Stored data Block Start

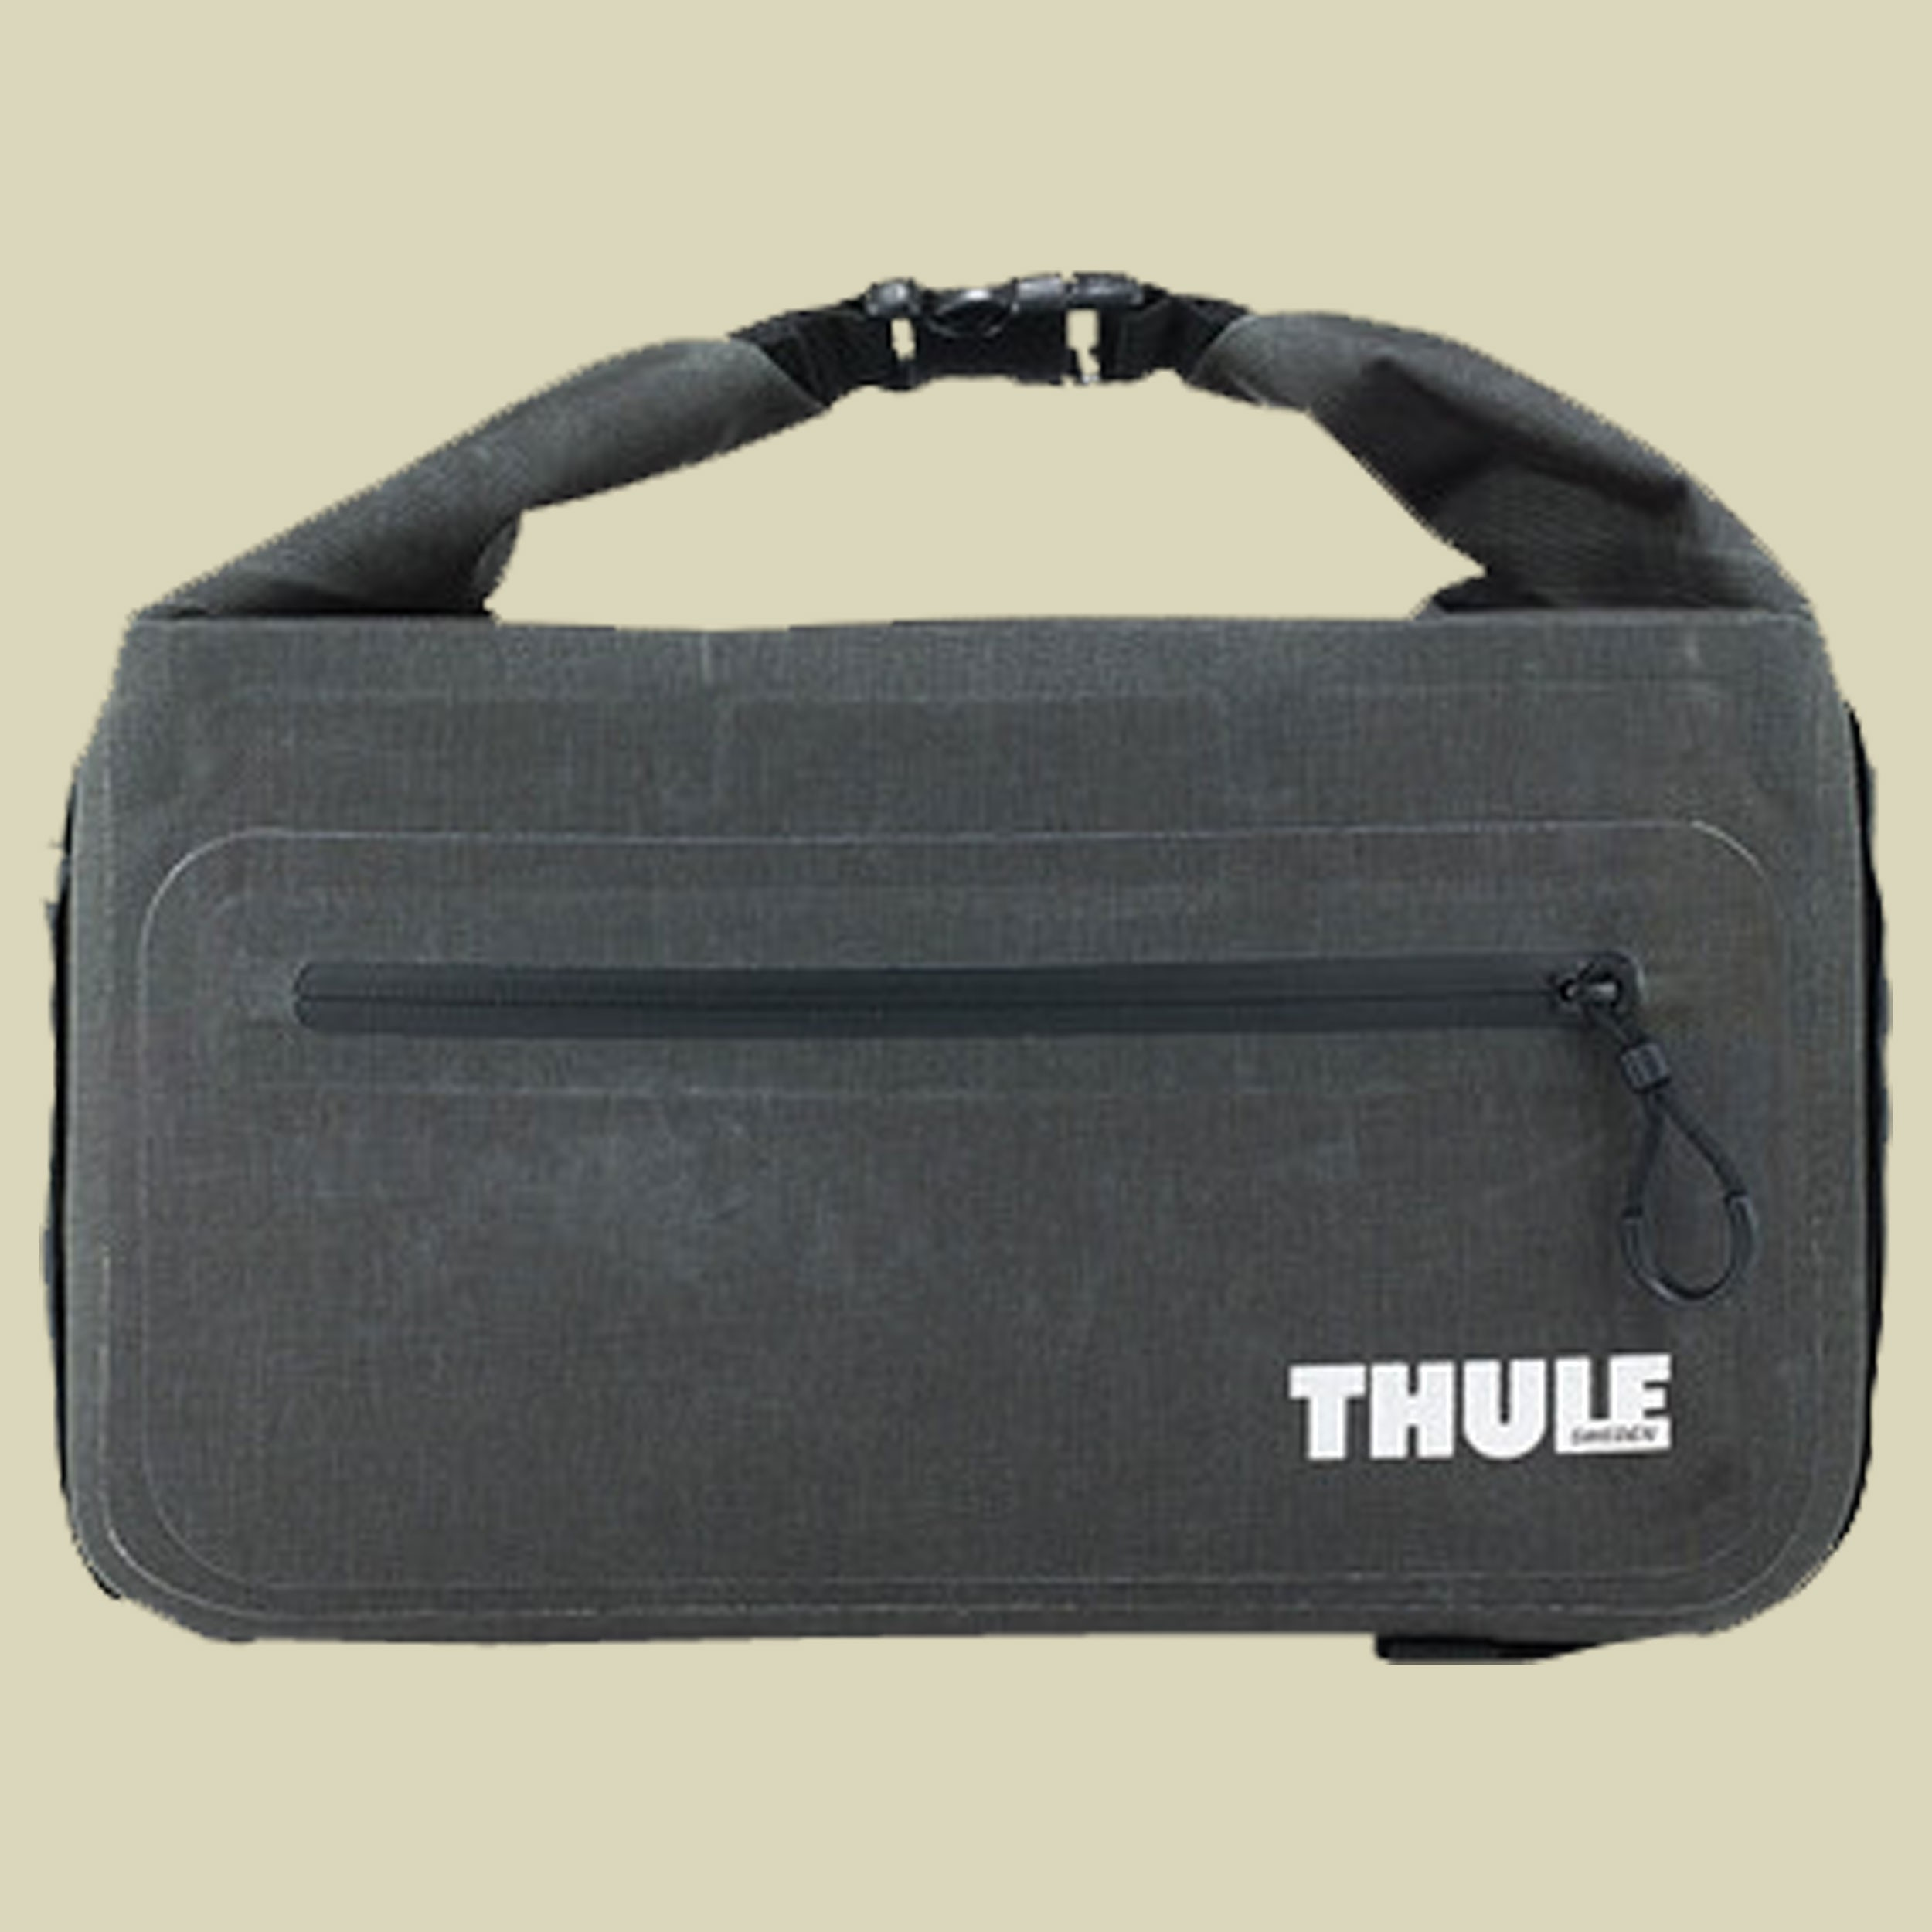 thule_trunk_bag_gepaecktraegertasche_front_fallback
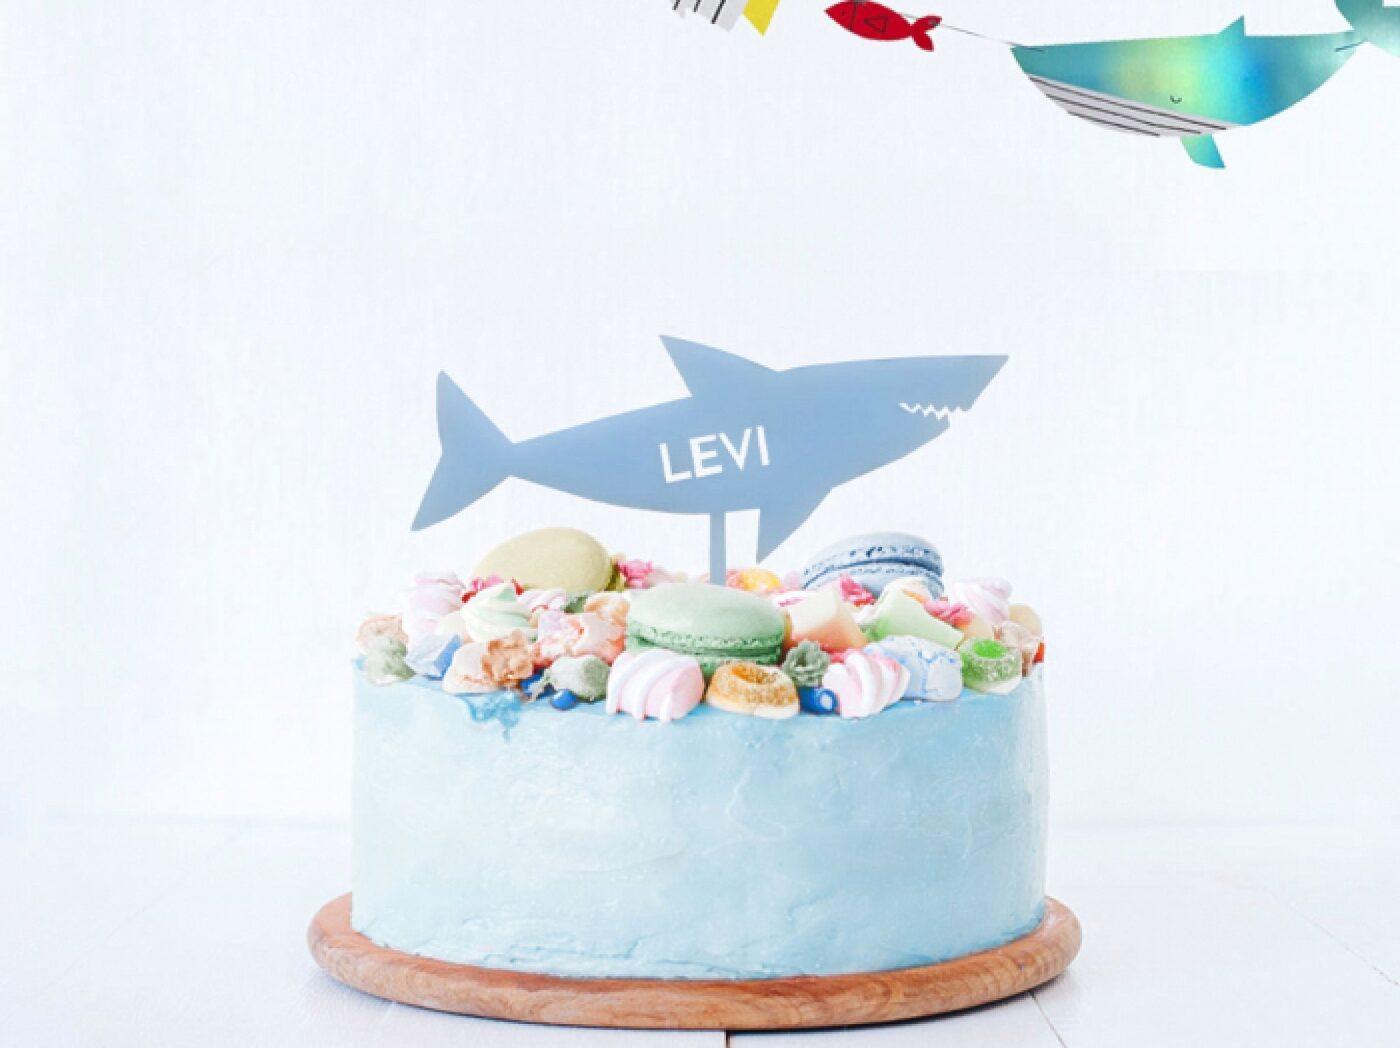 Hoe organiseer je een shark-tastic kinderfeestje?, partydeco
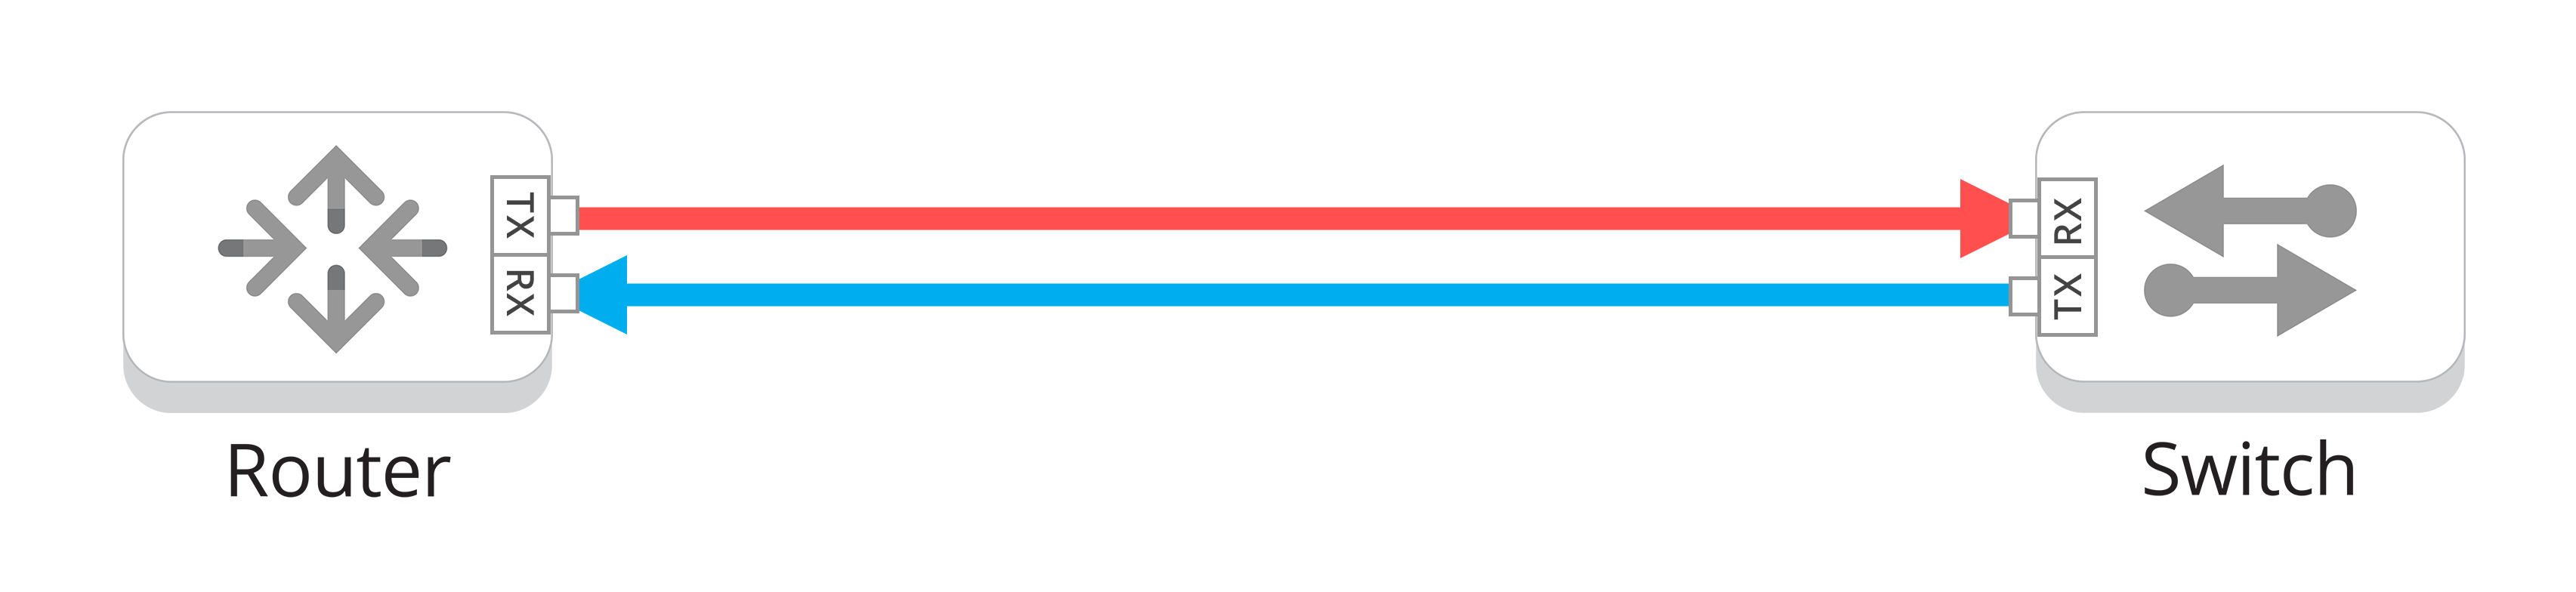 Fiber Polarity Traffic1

Stored data Block End

Your objective:
An exact copy of the listing is needed, minus its pictures.

Expected answer:
 thule_trunk_bag_gepaecktraegertasche_front_fallback
 Hoe organiseer je een shark-tastic kinderfeestje?, partydeco
 Fiber Polarity Traffic1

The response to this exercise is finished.